I've always wondered what my life would be like if I was born in a different era, if I perhaps, belong in a different era. It's one of the inevitable things you think about - along with the effects of your death to those around you and what it would feel like if you stuck your head in a fan (or maybe its just me). If I had to choose a decade to call my own, it'd be the sixties, no competition. Well the 60s or the 80s, they'd each have to choose a representative and duke it out in a hoedown in some abandoned shed for my loyalty. But the 60s would probably pull out a love gun set on "stun" and blow the 80s right out of the shed with peace lasers.
1. The rise of feminism.
2. The whole free love thing.
3. THE MUSIC, THE MUSIC, THE MUSIC. THE BEATLES, IS IT NECESSARY FOR ME TO SAY MORE? But I will say more, for your benefit, oh uneducated urchins. The Supremes, Bob Dylan, Bob Marley, The Who, The Rolling Stones, The Mamas and the Papas, The Beach Boys, The Velvet Underground, The Seekers. The people who lived in this era were blessed with good music on the radio, unlike the trash on ours with constant references to dicks and chicks and chicks with dicks.
4. I just conclude that the 60s seemed like a beautiful time to be alive in.
I watched
The Boat That Rocked recently, which just reinforced my intense love for this decade. This movie was impossible to not be good from the outset. BILL NIGHY? RHYS DARBY? PHILLIP SEYMOUR HOFFMAN? Please. The only possible way that that cast could be improved if we banded together the Beatles, Zooey Deschanel and Obama and gave them cameos. The music was beautiful, the funny bits were funny, the whole message behind it was exquisite, the music was beautiful, the characters were endearing. Run, don't walk to your nearest Blockbusters and hit that shit up on your DVD player. Now.
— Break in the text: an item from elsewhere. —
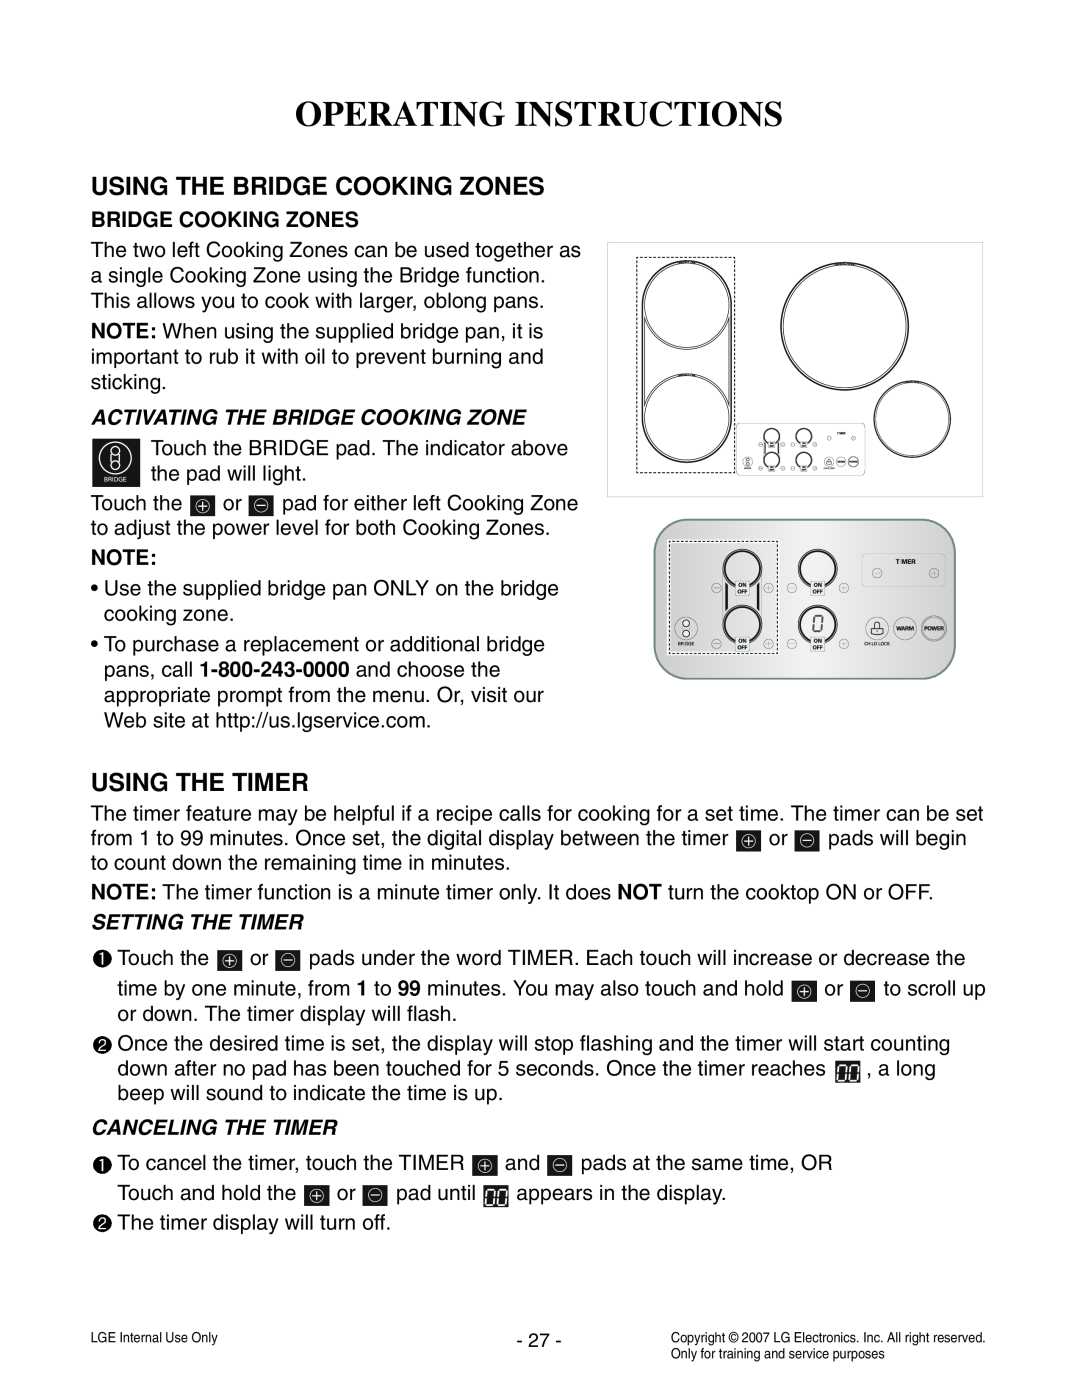 LG Electronics LCE30845 service manual Operating Instructions, Bridge Cooking Zones, Activating The Bridge Cooking Zone 
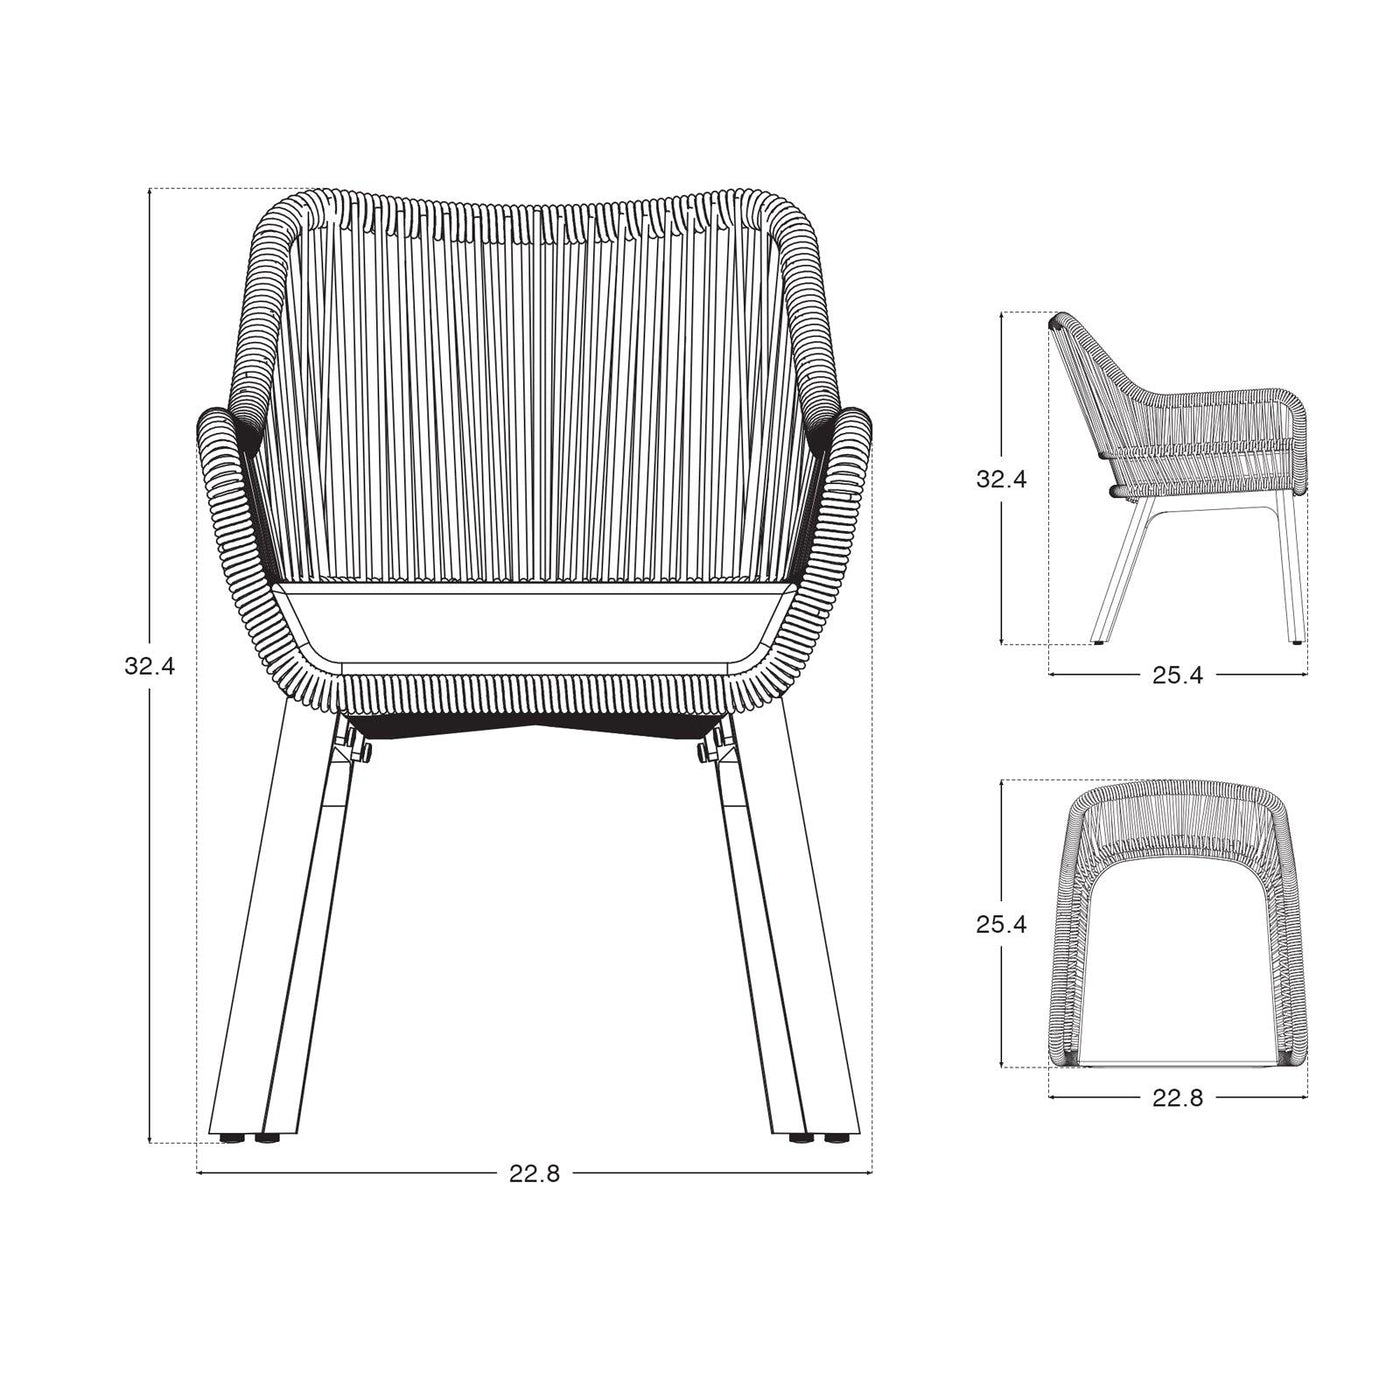  Natural Collection-Coronado Dining Arm Chairs,Dimension information, Length, height, width data information- Sunsitt Signature

One movie that didn't strike up a passionate love affair with me was
Blindness. I had the highest expectations for this movie. I had EVERY HOPE THAT I COULD MUSTER IN MY 45KG ASIAN BODY directed towards this movie. And it disappointed me like nothing else, like a son disappointing his father by missing the ball completely in a softball game and knocking the referee out.
The book that I fell in love with, by the same name, is written by Jose Saramago, who is a genius.
Blindness is about an epidemic of "white blindness", where the black void that a blind person usually experiences is instead replaced with one of neverending whiteness - constantly referred to in the book as a milky sea. It starts off with a doctor's wife following her husband into quarantine, even though she isn't blind, somehow immune. Rules are soon abandoned and anarchy ensues in the quarantine, with thugs and rape commonplace. When one day, they venture out to ask the guards something, and find nobody there, they wander out into the ravaged world to find that the whole world is blind, with only one person to see it.
I think losing my sight is one of my worst fears. It is far more terrifying than any other loss of the senses, especially so for me as photography is basically the only thing I'm passionate about, and what good is a photographer without their sight? Anyway, the movie was terrible and didn't live up to the standard the book set.
OH PS, FOR THE TWO COMMENTORS WHO ASKED FOR SHOPPING RECOMMENDATIONS IN SYDNEY:
Generally
I'm not really cluey about the whole retail shopping thing - but I guess QVB in the city, Parramatta Westfields, all the major shopping centres. Miranda Westfields is huge, if you're into that type of thing, and I guess if you're into a tourist kind of experience - hit up all the markets - Paddy's markets, Bondi markets, Glebe markets etc.
Salvos/second hand shops/charity stores
Through experience, I've found that Salvos has ruder shop assistants (probably a rash generalisation), and way, way steeper prices. The Smith Family Shop is good, and so is Vinnies. Haven't been to a Savers or Lifeline (i think?) yet, but will blog about them when I do. Fairfield has a large concentration of charity stores/second hand shops, and Bankstown as well. The more expensive "vintage" clothing can be found in Paddington and Newtown in the boutiques that source the clothinng for you. Marrickville and Burwood seem to be good hunting grounds. The non-charity second hand clothing stores seem to have a higher concentration of quality clothes but they're far and few between.